# Something I made during TUF 3...



## AmRiT (Apr 23, 2007)

I made tha along ime ago, i was looking hrough my phoobucket and saw that


----------



## BJJ Boy (Jan 21, 2007)

Well, its okay i guess. After seeing evil ash's new one it doesn't look to great.

The font is pretty good, the background and the fighter are pretty boring and the fade make it looks bad.

But good job.


----------



## B-Real (Oct 1, 2006)

The background doesn't have much appeal. Downloading some nice brushes would be a good place to start. Not too much more to say. 

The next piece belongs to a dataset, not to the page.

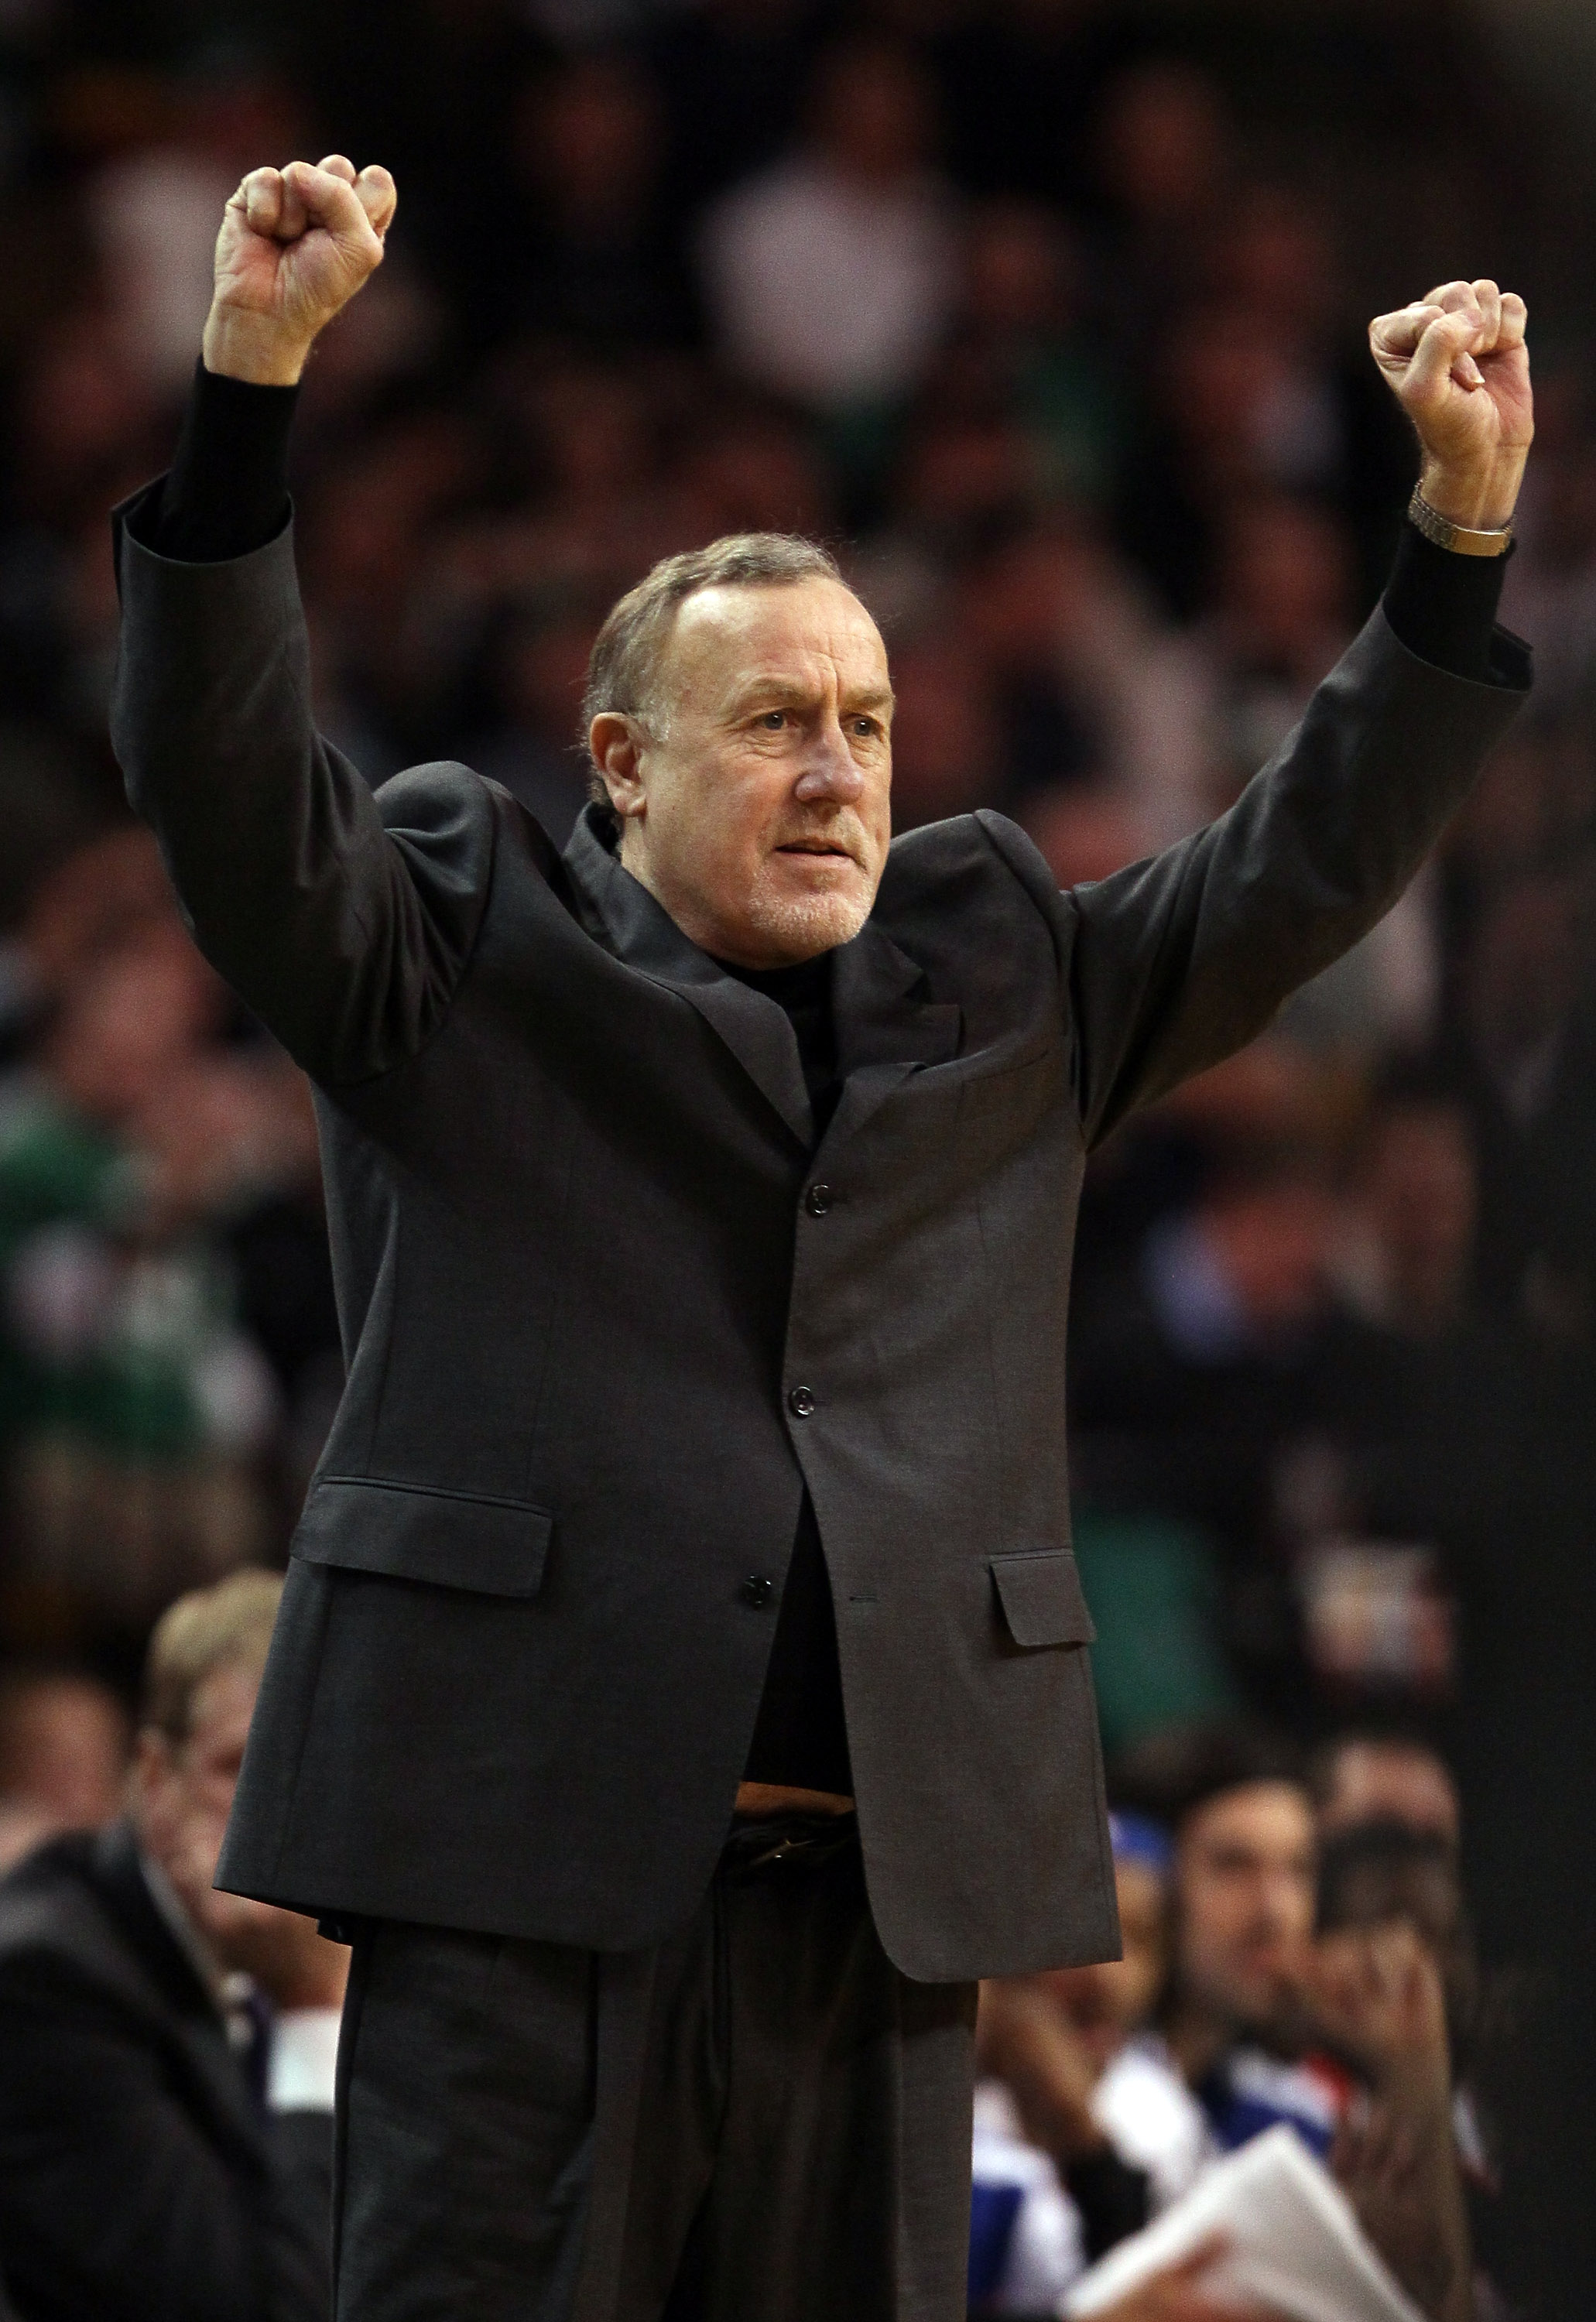 BOSTON, MA - JANUARY 10:  Head coach Rick Adelman of the Houston Rockets signals a play in the first half against the Boston Celtics on January 10, 2011 at the TD Garden in Boston, Massachusetts.  NOTE TO USER: User expressly acknowledges and agrees that,

Check out the following links;

deviantART Search: Abstract Brushes

Browsing Photoshop Brushes on deviantART


----------



## AmRiT (Apr 23, 2007)

sorry for Double Post...


----------



## AmRiT (Apr 23, 2007)

Evil Ash said:


> The background doesn't have much appeal. Downloading some nice brushes would be a good place to start. Not too much more to say.
> 
> Check out the following links;
> 
> ...



lol, Brushes...

that was made 2 years ago... I've go much better since then...


----------



## B-Real (Oct 1, 2006)

Okay? So, are you able to post your better work?


----------



## AmRiT (Apr 23, 2007)

erm... none of them are to do with UFC










thats not great, but allot better...



















these are all pretty old, i cant find any of me recent ones..


----------



## B-Real (Oct 1, 2006)

Well they show good basic skill. Your work looks similar to a friend of mine's work(Did that make sense?). You shall have to make some new MMA banners!


----------



## AmRiT (Apr 23, 2007)

Evil Ash said:


> Well they show good basic skill. Your work looks similar to a friend of mine's work(Did that make sense?). You shall have to make some new MMA banners!


lol

banners?

like for the top of the page, or sigs?


----------



## B-Real (Oct 1, 2006)

Signature banners. They become a signature banner when they're placed in your signature. That's how I look at it anyway..


----------



## CroCopPride (Jan 13, 2007)

xAmRiT said:


> erm... none of them are to do with UFC
> 
> 
> 
> ...


come on man u didnt do this
looking that the sig u made theres no way u did these


----------



## AmRiT (Apr 23, 2007)

CroCopPride said:


> come on man u didnt do this
> looking that the sig u made theres no way u did these


rofl....

are you joking???

ever heard of improvements???


----------



## CroCopPride (Jan 13, 2007)

my bad i though u said u just made it


----------



## AmRiT (Apr 23, 2007)

CroCopPride said:


> my bad i though u said u just made it


oh, thats cool

i would like point the title of the thread out though, 'Something I made during TUF 3...'


----------